Excel does not bother checking the encoding of the incoming csv file (unless all encoded characters are affected, like utf16. sjis…, unlike utf-8).
I didn't want to affect the whole data and change the encoding of the exported csv text (like UTF-16 or SJIS) in order to keep some consistency along the whole data processing chain (utf-8 encoding).
So finally I changed the output to a XML text.
Advantages: keep utf-8 and a human readable output. Also you can specify data types accurately.
Drawbacks: use the internal coding of Excel and discover the incredible lack of flexibility of the software… When specifying a type, data cannot be blank (except String) and has to be provided the exact same way!
I also uncovered an interesting Excel specificity: any time hh:mm is actually a date, and dates start from 1899-12-31(?!), so 26:00 is actually 1900-01-01T02:00:00.000 ; that's not really a problem ; however some Excel versions consider 1900 to be a leap year, and when hours:minutes exceed 2 months…

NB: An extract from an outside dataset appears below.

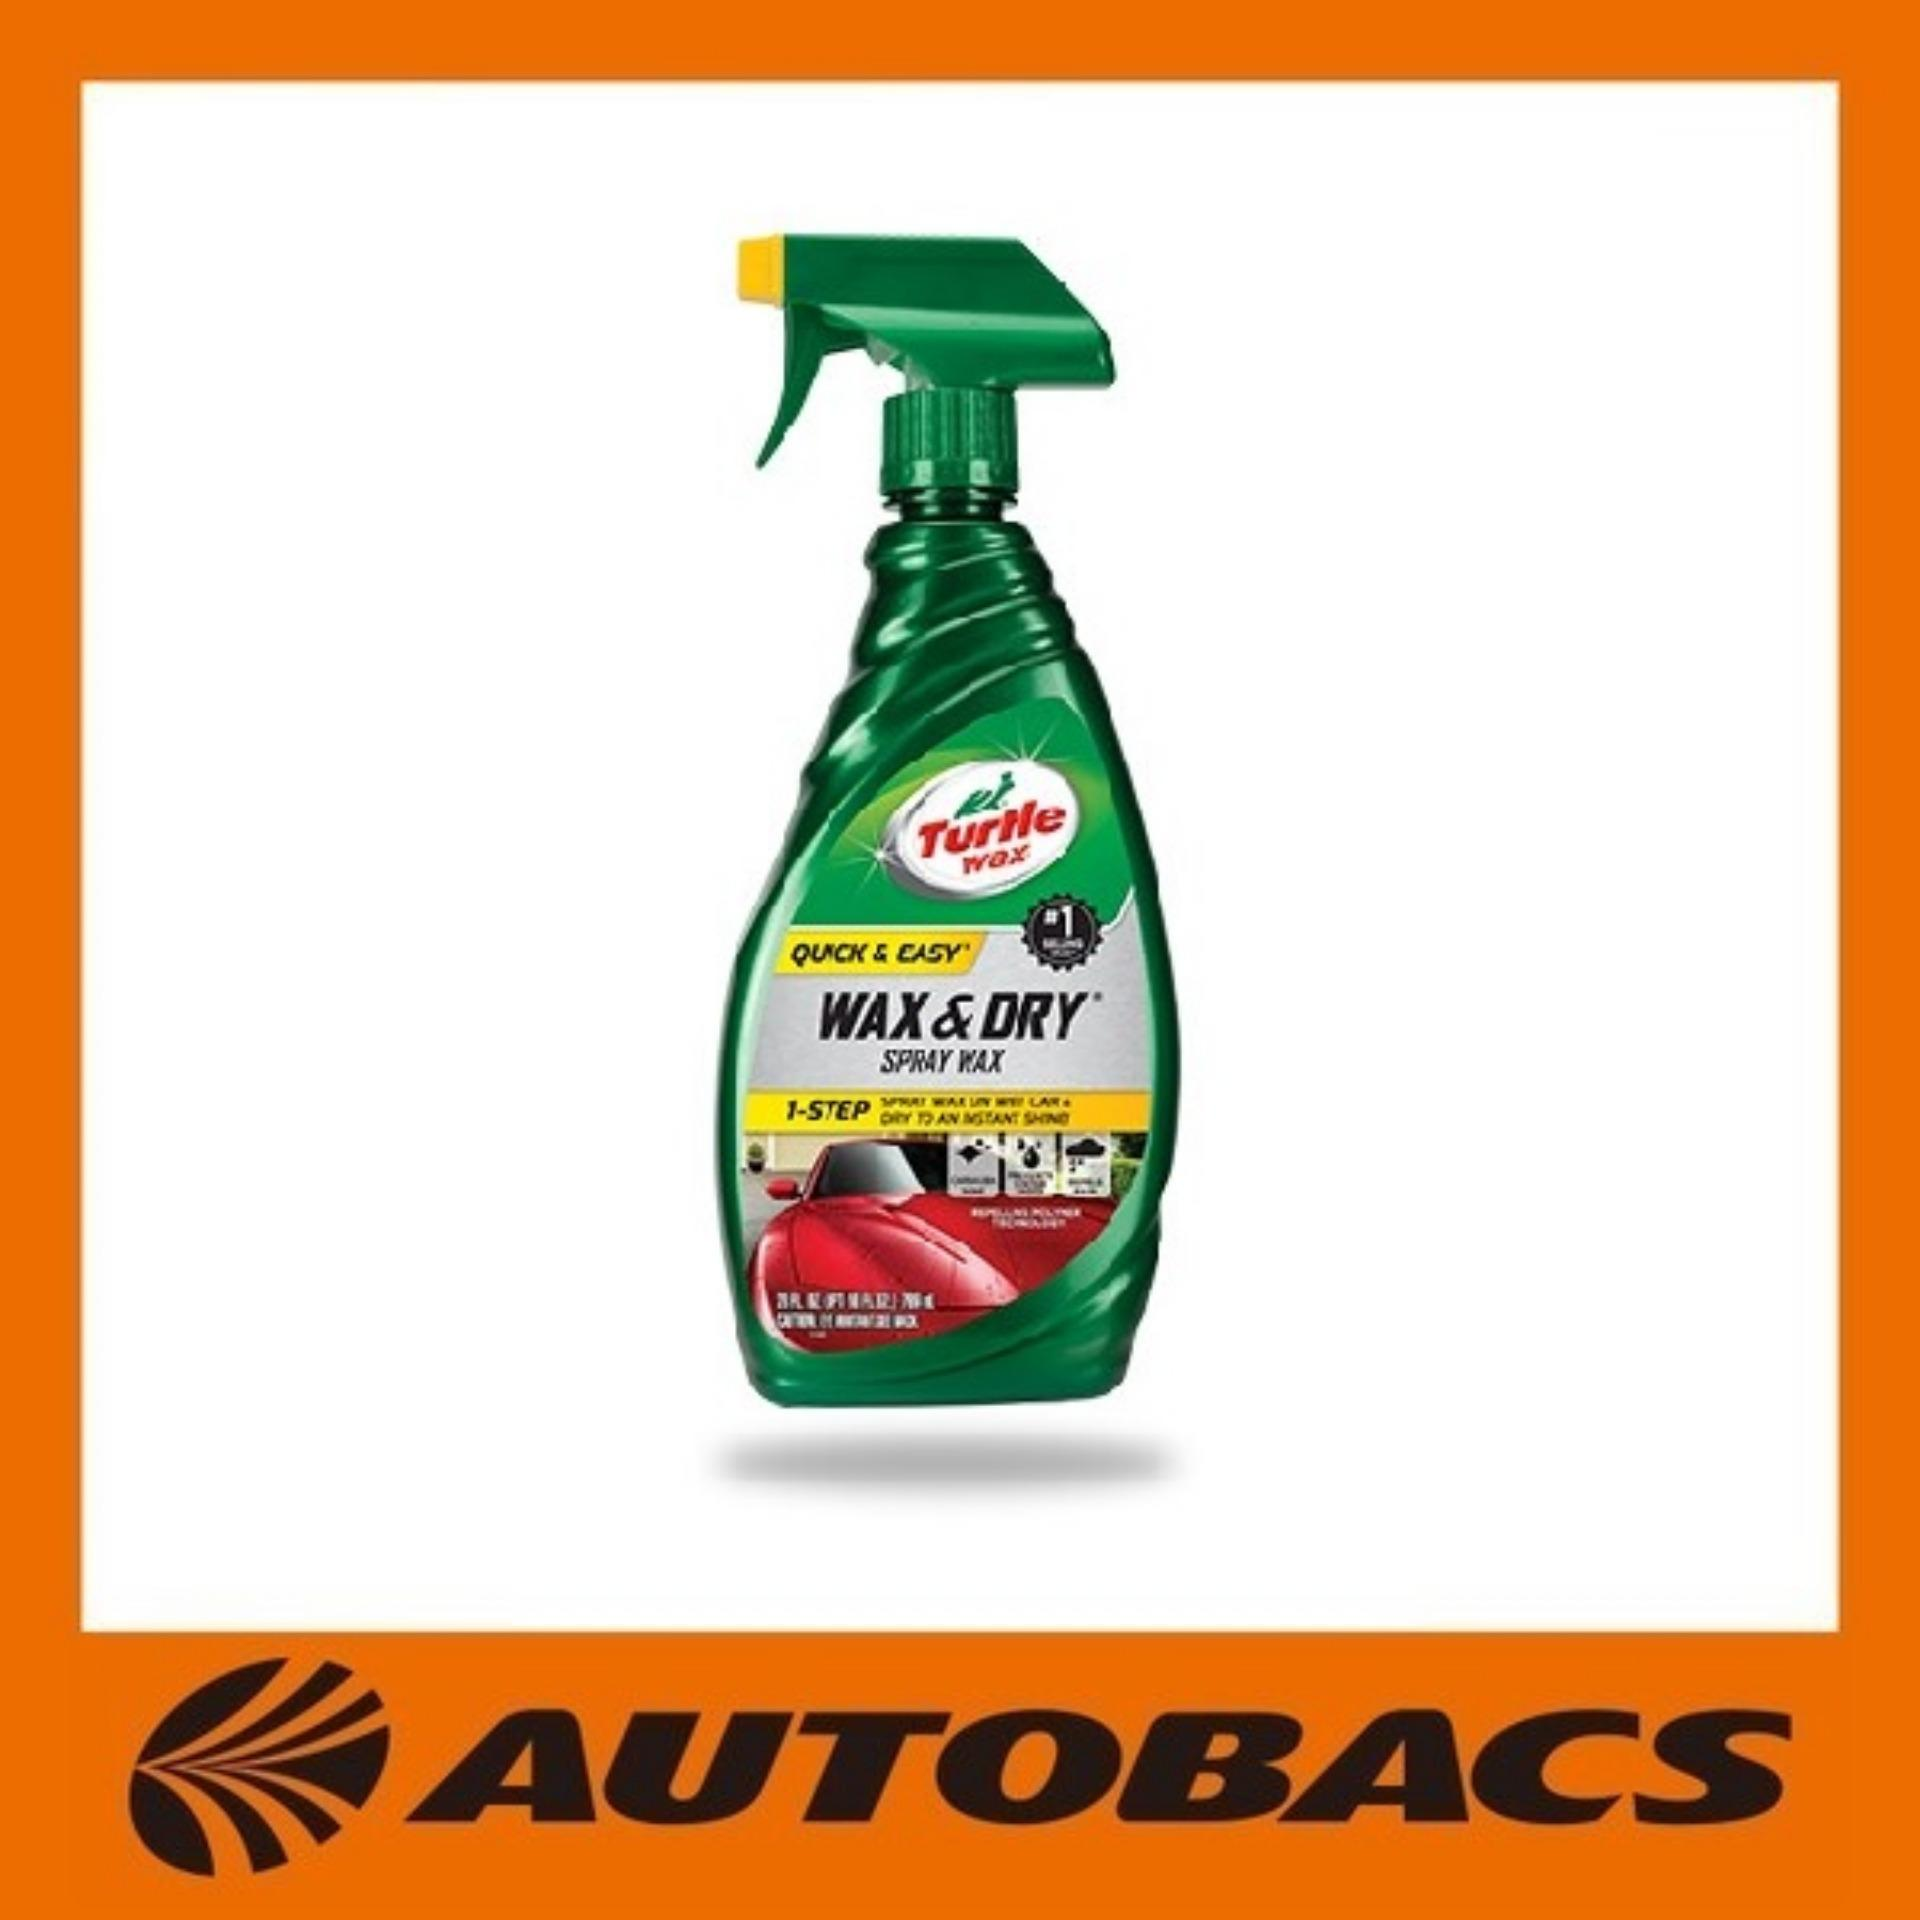 Top Rated Turtle Wax Quick Easy Wax Dry Spray Wax

January 29th, 2008 at 6:43 pm
Wow bloody hell! And I thought I had a pretty deep trip into Excel's code nonsense! But you definitely outdone me by a huge margin! :)
Thanks for sharing!
By the way, I have also saw some info on the net that you can export your tabular data as a HTML table, and import that into Excel. Haven't tried that myself, so I'm not sure what will happen with non-Roman characters inside these tables, even given the correct document encoding - but that might be another thing to try.